Wednesday, October 23, 2019

Contributors!

The question of how could CAD expand yet retain the power of its single panoptic window, its Borgesian aleph.

The question is, does adding more towers, more bastions to the territory further legitimate the eyes. Ostensibly the reflection should be more complete. But somehow this ruptures the myth: CAD sees all things through the panopticon's prisoners, us, remaining uncertain whether/when they are being viewed, manifesting a permanent suspicion for the surveillance, artists seen, manifesting sympathy to the system, its code, aesthetics, a guilt under omniscient god. This is, humbly, CAD, a stand in for the system itself. The funny fabrication is that there weren't contributors before. But now the eyes in the Forrest will bear names, and while they always did, we've entered this distinct land labeled "curation."

CAD harbored power through the - however distant - implication of providing a true full survey. While this was not the case, CAD was closest thing to, providing a, however warbled, singular reflection for everyone to latch like curmudgeonly barnacles upon. (I can think of no other image blog placed on CVs as "press.") And so too the warbles and hotspots in CADs mirror became charming if glaring. (I know of at least one collector whose entire collection is itself a representation of this CAD mirror.) A large and uncanny mirror was something we had deep down hoped for, to see ourselves reflected back in. A large glaring mirror that was ultimately unfortunately usurped by the atomization of mirrors into our hands and instagram as the new form of glass, etc. a new glass further catalyzing capital's individuation and fracturing the social mythos and accelerating postmodernity's collapsing of grand narrative, that CAD, for a brief minute, relit, CAD, arguably even unconsciously lit itself on this desire for this myth of narrative, progress, of even just keeping record. It was the biggest, shiniest glass.

This now transformation into a tentacled curatorial being exchanges its myth of linearity for curations construction of individualized "voice." No longer attempting consolidation of an "artworld" (however arrogant) but instead giving curators a chance to attempt their opposite, build their names "voices" for their vision. Again however flawed or doomed a singularized vision is, it stands out amongst the massive fractalization of pretty much everything else. CAD was reliably two shows daily, Sunday only one. 8 years ago that had felt like drowning. Now it is a welcome relief against further orgiastic image hydrants, put your lips toward. And it is noteworthy that these new curatorial names come with CV attached, "Tenzing Barshee is an..." "Erin Christovale is the..." Interesting because CAD arosen without credential, for whatever reason we gave attention.

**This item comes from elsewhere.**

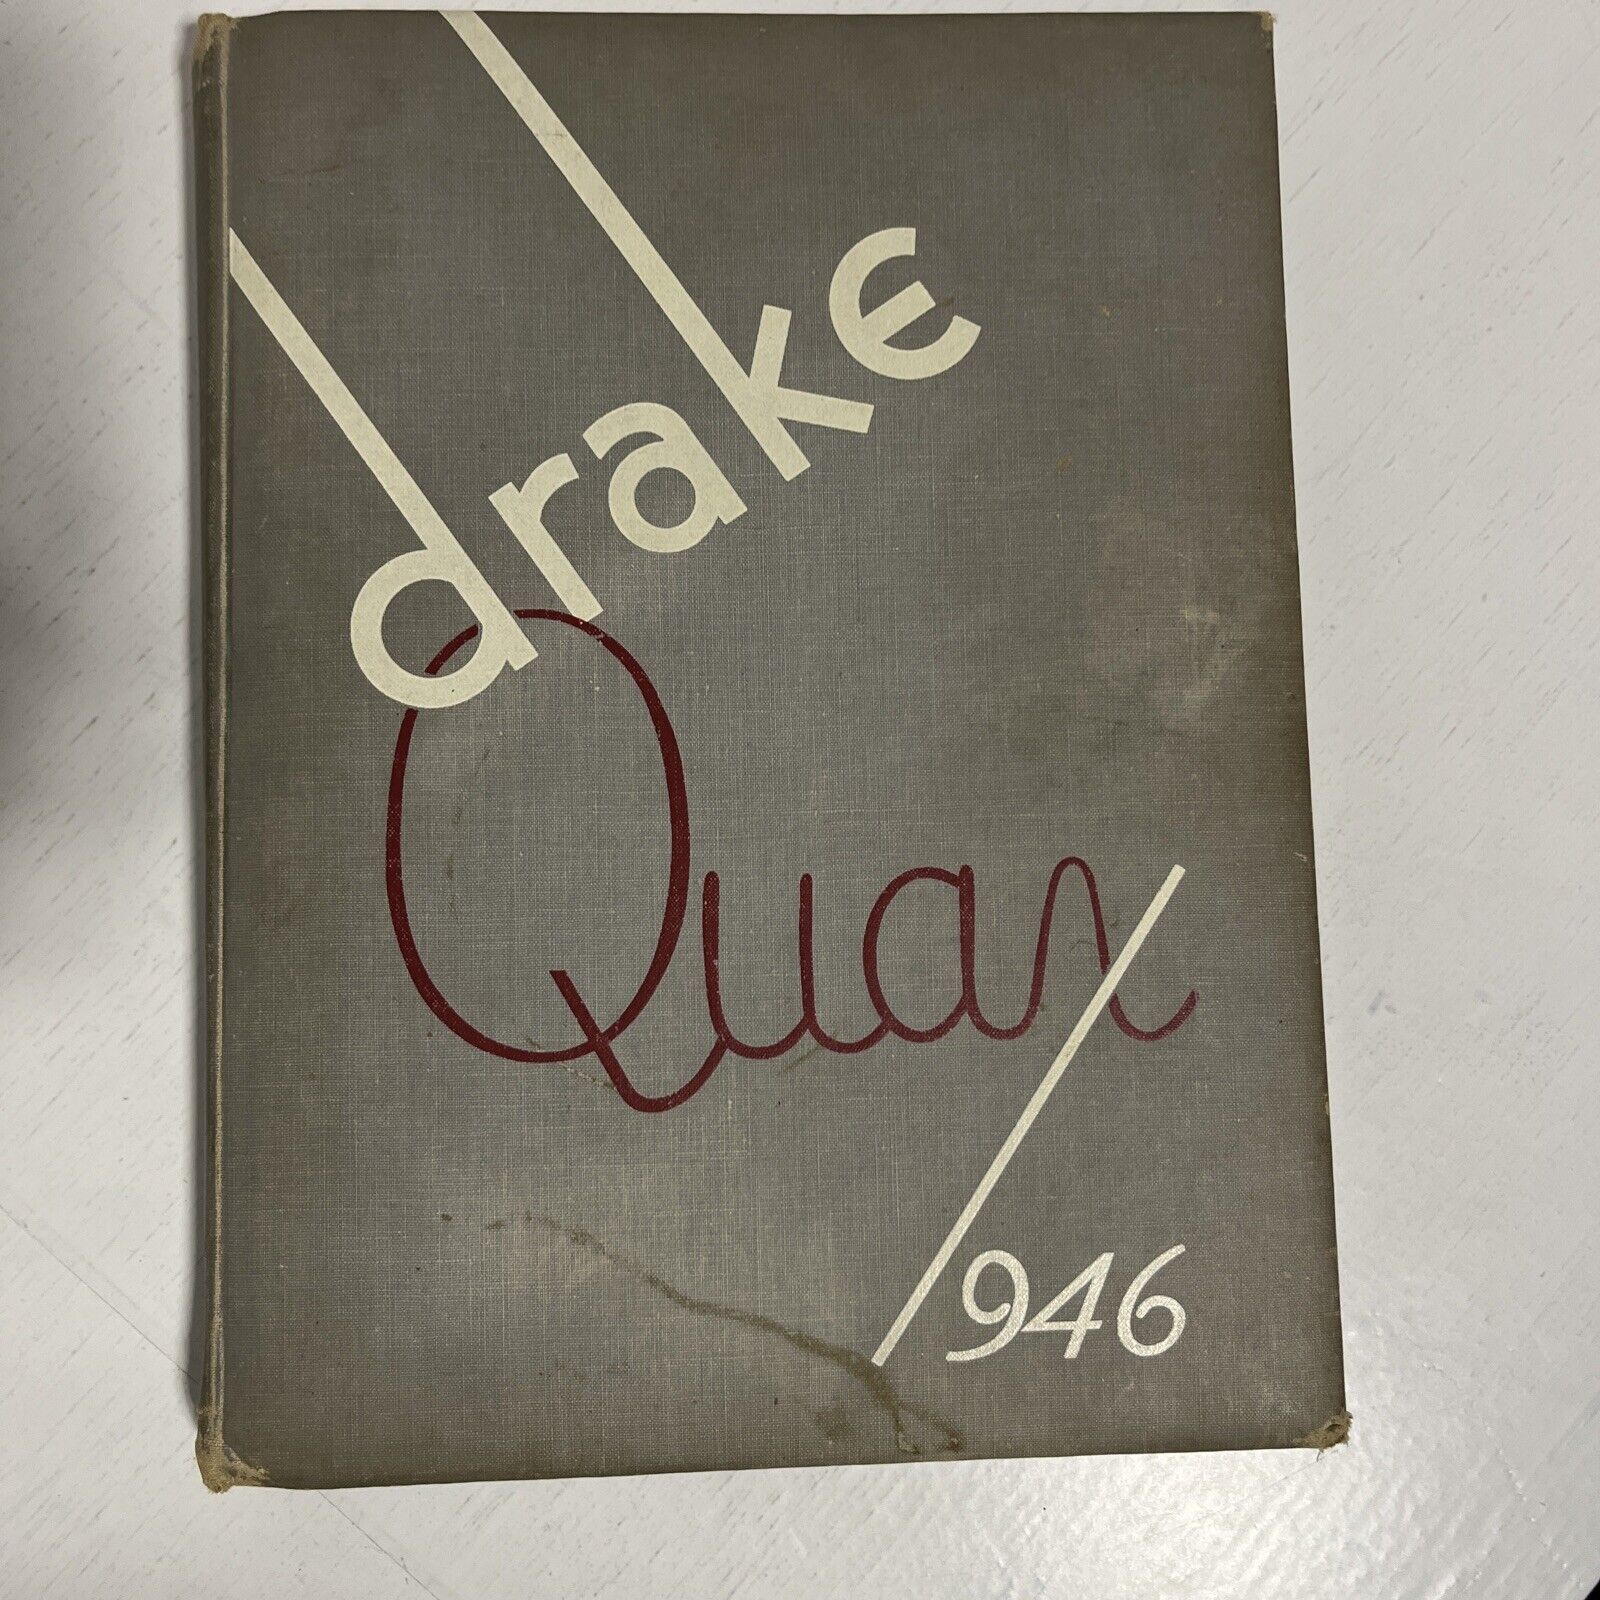 Quax 1946 Drake University Des Moines Iowa, Yearbook Vintage
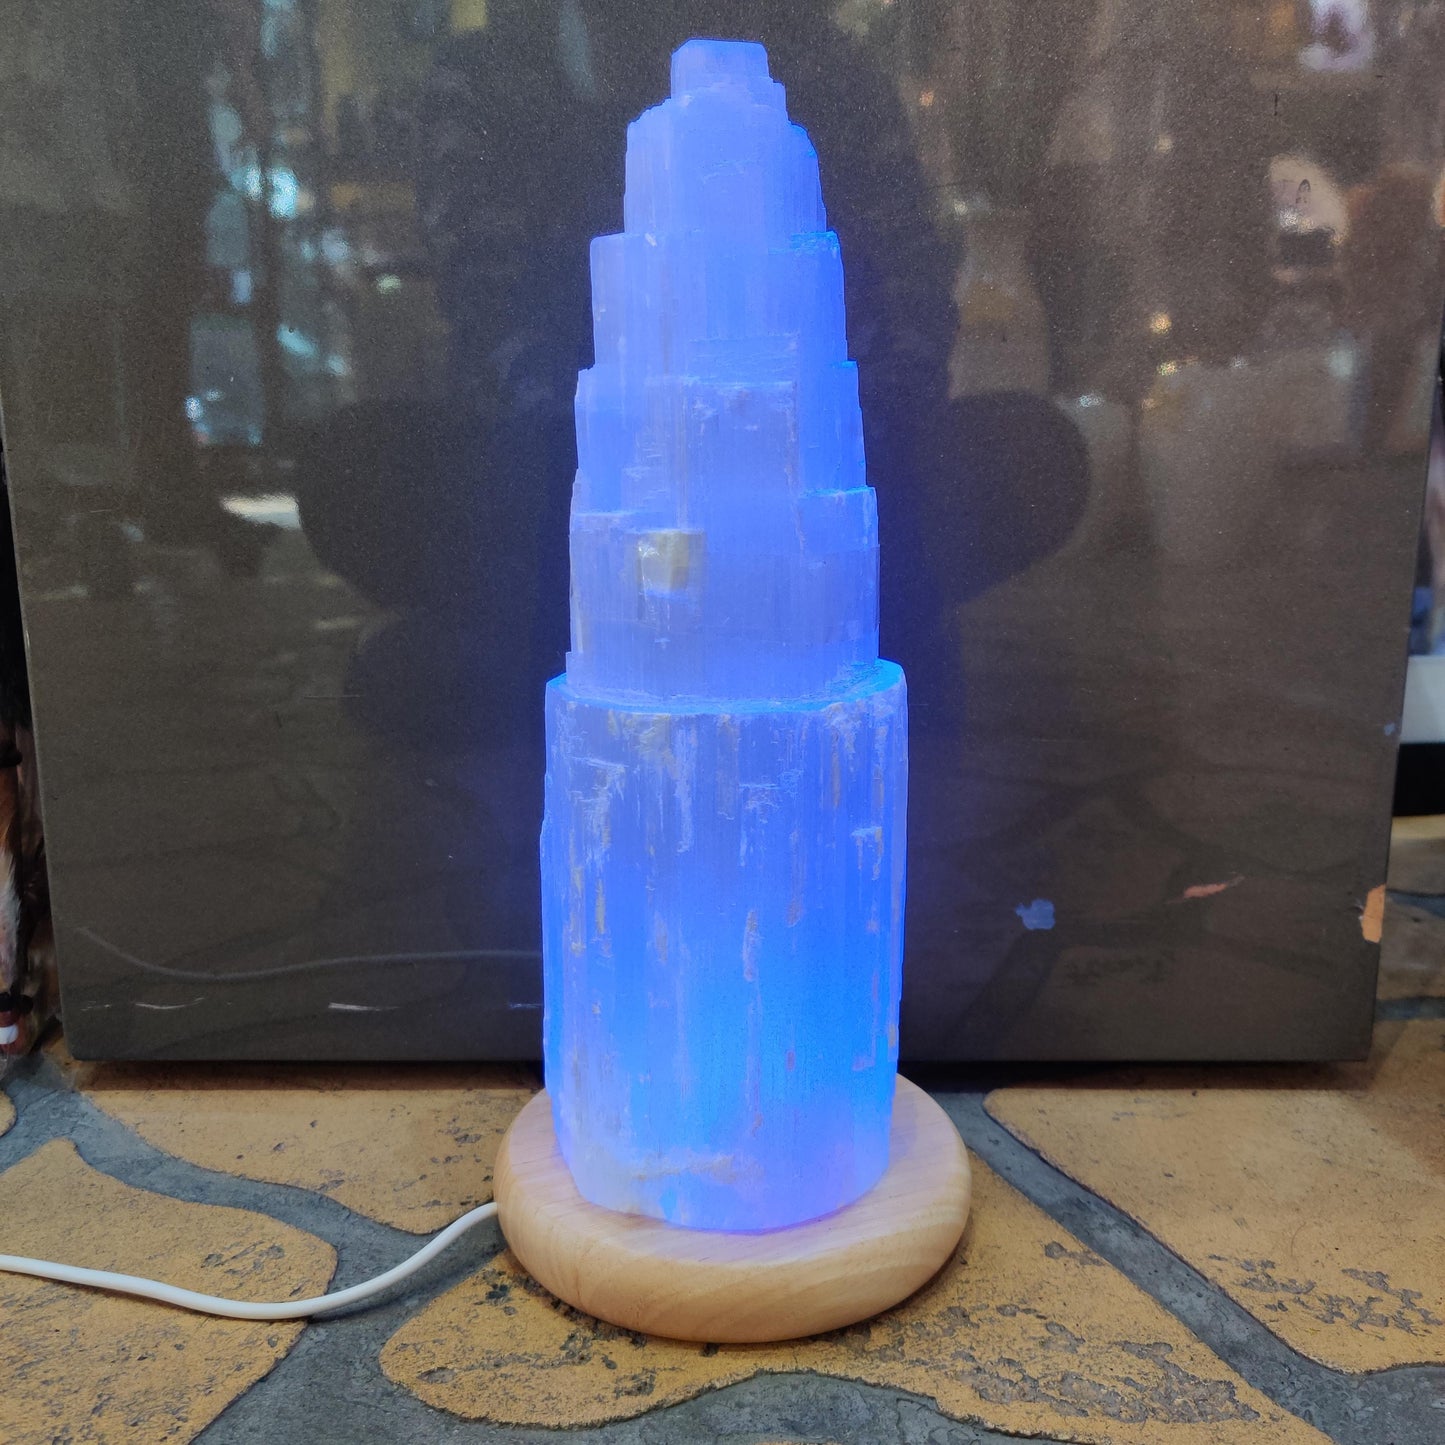 Large 30cm Selenite LED Lamp with Mood Change Lighting - Rivendell Shop

Questions for your bookclub:
1.While Clement Greenberg ushered and reigned in an era dominated by chauvinist white language, could CAD be said to herald an era where no language exists, is instead negated by the sheer multiplicity of image, "given over to the visibility apparatus itself"?

2. Are Curators generally attempting to survey the field, or they are instead creating their own individualized territory or "voice"?

3. Is CAWD always a bit of a spoof of that clean white subjectivity-less authority?

4. Does CAD risk fracturing? After how many spigots? In the deluge, can more ever be a solution?

5. Would then the ultimate solution be a map as large as the territory is big?

6. Does CAWD place an inordinate amount of capital and importance in CAD? Is this a symptom of Stockholm Syndrome?

7. Since those with pedigree and institutional accreditation are the only players with power to legitimize and make visible, shouldn't we be paying attention to this pedigree, to those with this coronation anyway? Wasn't that CAD's great insight?

8. Why could CAD becoming over 10 years the major holding of artworld documentation and de facto bearer of the mirror without any previous pedigree be an important distinction?